How long have you been creating your calendars?

2017 is my sixth year of letterpress calendars.

The first calendar for 2012 was a set of four prints for winter, spring, summer, and fall. Each season had a pattern I designed and the months were displayed in a fairly traditional format. Since 2013 though, I’ve done the full year on a single sheet at the same size. I’ve become more playful with what gets identified, like the days of the week. For example, 2014 had the months in vertical columns that were aligned to the days of the week. For 2016 I bolded every Sunday even though the days all flowed together and for 2017 there are no markers or indicators of the days of the week.

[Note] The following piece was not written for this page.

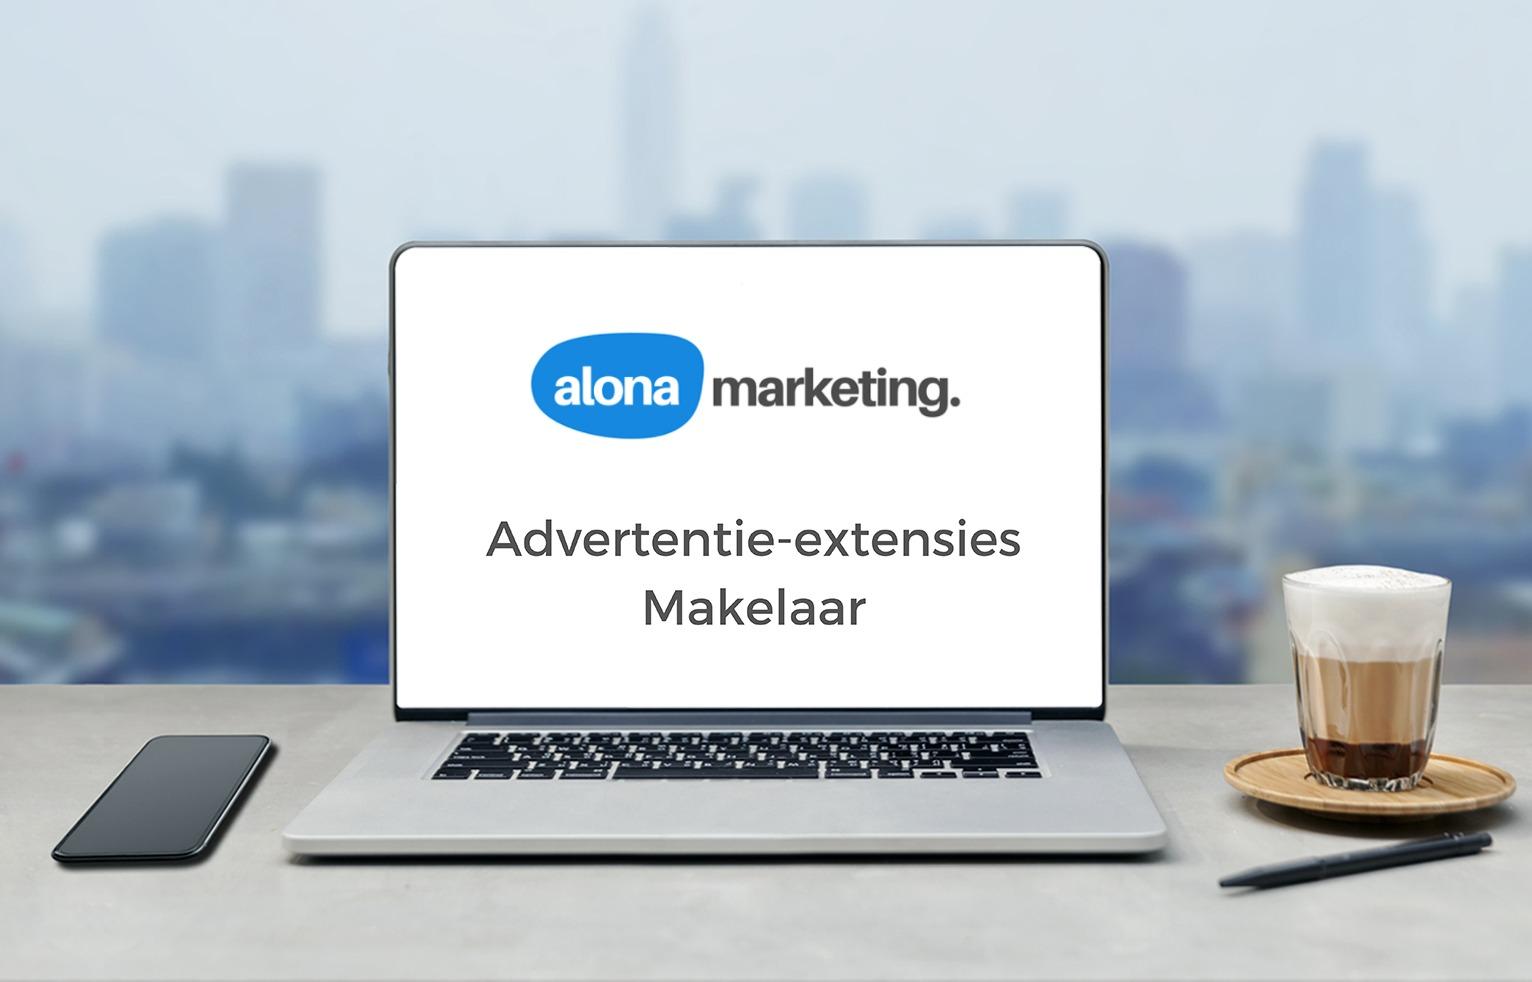 Advertentie-extensies Makelaar

What’s your fascination with calendars?

I am interested in time, especially the discrepancies between how we experience it and how we record it. Over the years the calendars have become more abstract and less useful as a tool, in contrast to how we use calendars every day. If you are interested in learning more about the history of our calendar, this is a good place to start.

Detail views of a few of the calendars.

I am also interested in repetition so an annual project has been a great way to challenge myself to find new ways to visualize the same content. Hanne Darboven has been a big inspiration to me. Right now I have no plans to ever stop making calendars and I would love to continue to explore ways to mark time — making a clock is a dream project of mine.

Allegra on press in 2016.

As a designer that mostly works digitally, why’d you choose letterpress?

I learned letterpress in college and have always enjoyed the process. An annual project gives me a fun way to continue to print now that I am less connected to it in a day-to-day way.

What’s driven you to keep it going for so many years?

I give out the calendars as gifts to family and friends every year. This past year I was a little behind schedule on finishing them and a few people reached out concerned that there wouldn’t be another calendar. It means a lot to me that friends have saved the collection as it grows and look forward to the next one each year. I love going over to friends’ apartments and seeing how they choose to display them. Some have them framed, some pinned up on the refrigerator, some circle important dates like their kid’s birthday, or some show them all side by side. I love the range of how they get displayed or used.

A few of Allegra’s calendars pinned up in a team room at Moment.

Allegra’s calendars aren’t currently for sale. Your best bet is to befriend her, or, better yet, become her co-worker (Moment is hiring) and she might just pencil you in for 2018.